18. On the age of the victim, there was no doubt she was below 18 years. She was therefore a child and any sexual activity with her whether consensual or not amounted to defilement. The three ingredients of the offence of defilement were therefore proved. As this issue has been specifically raised as a ground of appeal, we shall address it further. We note that the appellant’s complaint seems to be with the victim’s “exact age”. This Court has settled the issue of how a victim’s age may be established. To start with, it bears repeating that for purposes of the Sexual Offences Act the relevant age is the “apparent age” and not the “exact age”. This Court has stated time without number that the best person to ascertain a child’s age is the mother. In this case the victim said she was 16 years at the time the incident took place. Her parents testified and corroborated that evidence. The P3 form which the appellant does not seem to have any issue with gave the victim’s age as 16 years. Even the age assessment, which though challenged by the appellant, was admitted by the two courts below set the victim’s age as 16 years. There is therefore no doubt that the victim was a child.
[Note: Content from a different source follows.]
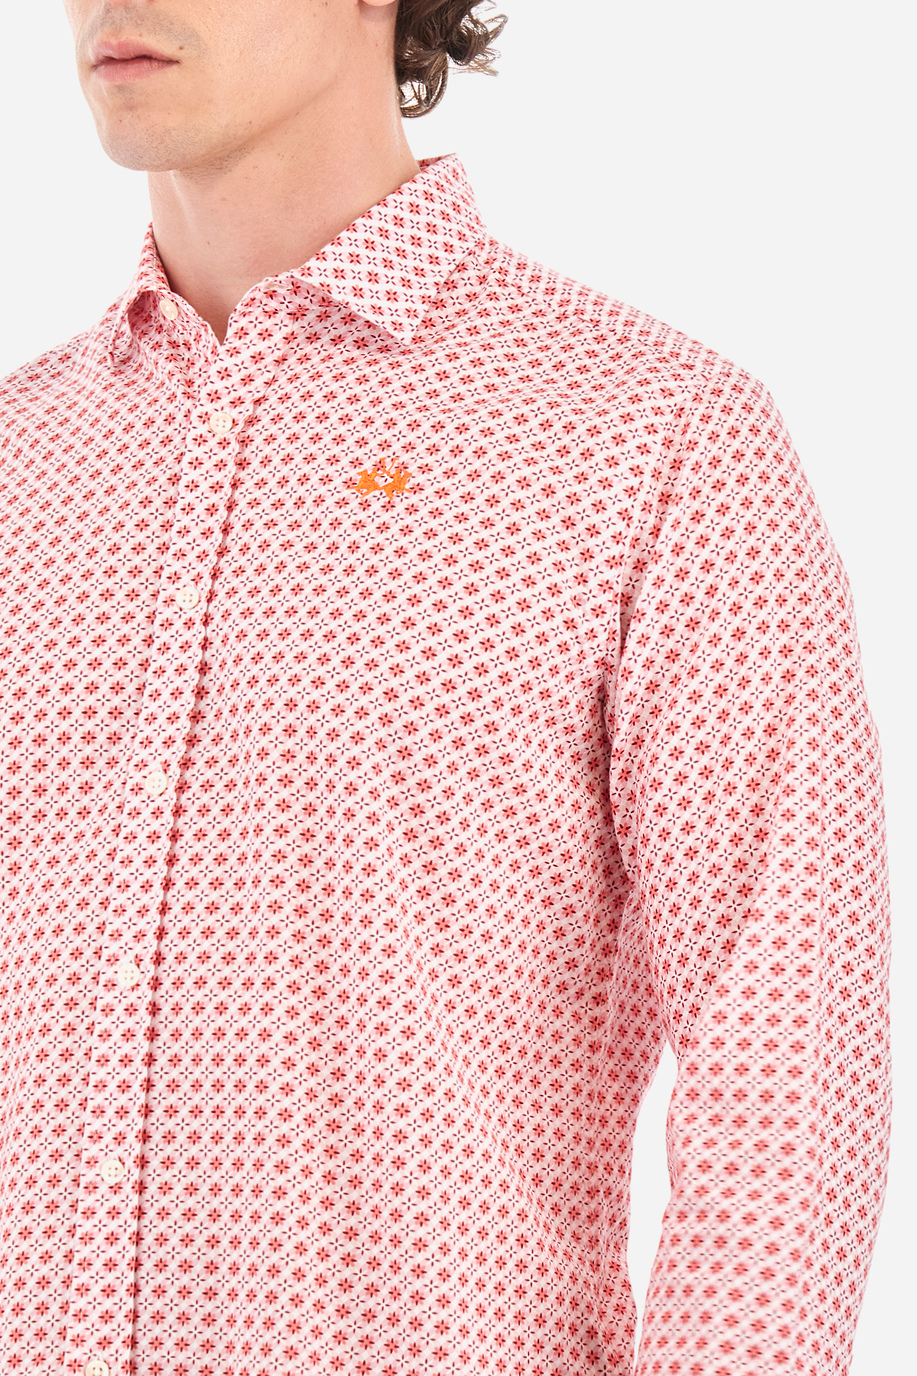 Geometric patterned poplin shirt - Innocent - Shirts | La Martina - Official Online Shop

19. On the issue of the appellant’s defence not being considered, we find that the two courts below considered the same. The substance of appellant’s defence was on how he was arrested and how he had refused to settle the matter with the victim’s parents. He said he did not commit the offence but both court’s below found his defence did not displace or cast any doubt on the prosecution’s evidence. Considering an accused persons defense does not necessarily mean agreeing with it or believing it. The fact that the two courts below did not believe the appellant’s defence does not mean they did not consider it. We find that the two courts below considered the appellant’s defence and ruled on the same. That ground of appeal also fails like all the others.
20. From the foregoing, it is clear that the charge against the appellant was proved beyond reasonable doubt as required by law. The concurrent findings by the two courts below cannot be faulted. We find this appeal devoid of merit and dismiss it accordingly.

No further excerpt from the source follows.